Activity
If a record holds a picture, drop the picture and return the rest of the record word for word.

Records provided START

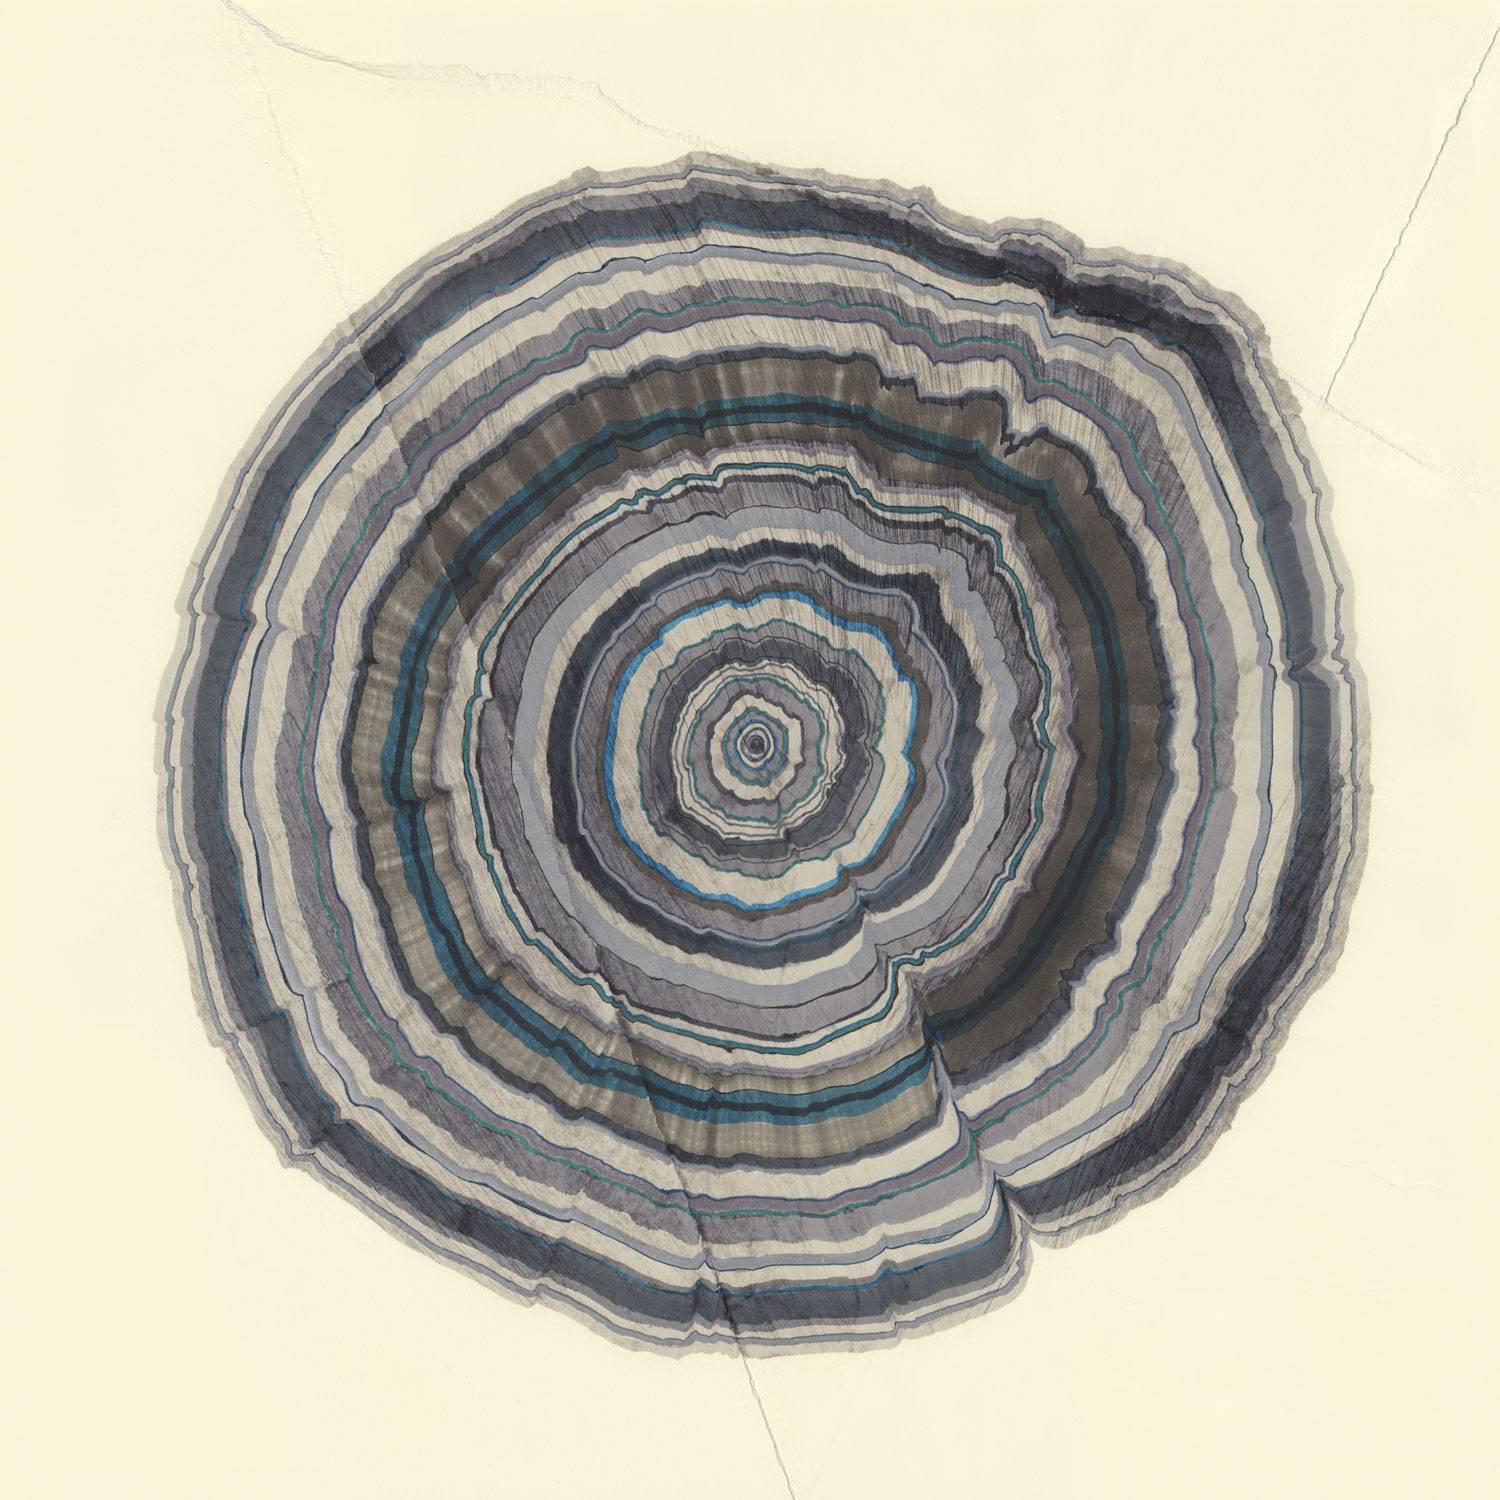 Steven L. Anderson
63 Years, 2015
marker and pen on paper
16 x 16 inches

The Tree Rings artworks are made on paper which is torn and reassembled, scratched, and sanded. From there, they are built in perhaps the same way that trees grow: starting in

Records provided END

Response for this exercise
 Steven L. Anderson
63 Years, 2015
marker and pen on paper
16 x 16 inches

The Tree Rings artworks are made on paper which is torn and reassembled, scratched, and sanded. From there, they are built in perhaps the same way that trees grow: starting in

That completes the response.